近畿大学薬学部(大阪府東大阪市)教授 川畑 篤史(専門:病態薬理学)らの研究グループは、ビールの原料の1つで、苦味や香りづけなどに使用されるホップの成分が、リウマチの痛みや神経損傷による痛み、また過敏性腸症候群患者に見られる腹痛など、幅広い痛みの治療に応用できることを発見した。

この成分は、モルヒネをはじめとする麻薬性鎮痛剤が効かない神経障害性疼痛(糖尿病の合併症、ヘルペス後神経痛、抗がん剤の副作用など)にも有効である可能性が高く、今後の臨床応用に大きな期待がされるという。
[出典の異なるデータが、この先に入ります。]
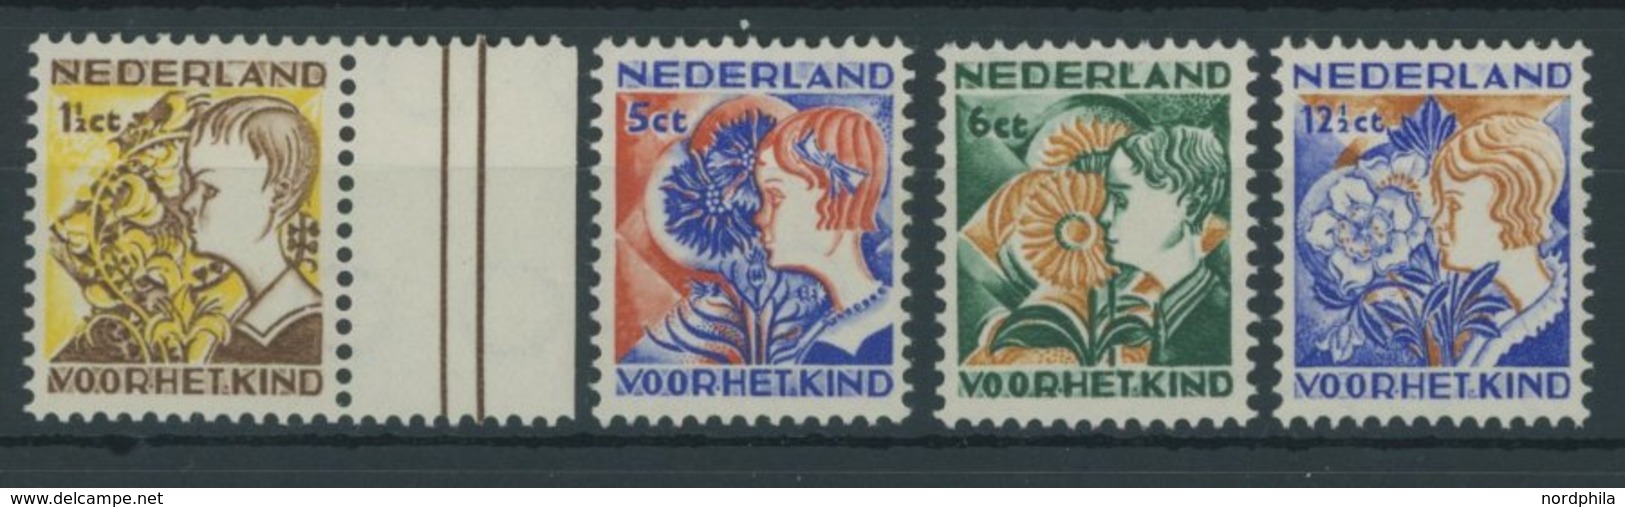 NIEDERLANDE 253-56A **, 1923, Voor Het Kind, Gezähnt K 121/2, Postfrischer Prachtsatz, Mi. 110.- - Pays-Bas

糖尿病患者や抗がん剤で治療中の患者によく見られる手足の痺れや痛み(神経障害性疼痛)、過敏性腸症候群患者に見られる腹痛など、麻薬性鎮痛剤が効かない(使用できない)痛みに対する有効な治療薬の開発が望まれている。

今回、生薬の一種である苦参から、知覚神経に発現する「Cav3.2T型カルシウムチャンネル」を阻害する「ソホフラバノンG」と類似構造を持つ天然物質としてホップの成分である「6-プレニルナリンゲニン」と関連化合物が痛みの原因分子であるCav3.2に最も強く阻害することを発見した。
また、マウスのを用いた実験を通じて痛みを抑制することを証明した。

本成分による鎮痛作用や心血管系への副作用はないことを確認済みで、今後人への応用が期待できるとしている。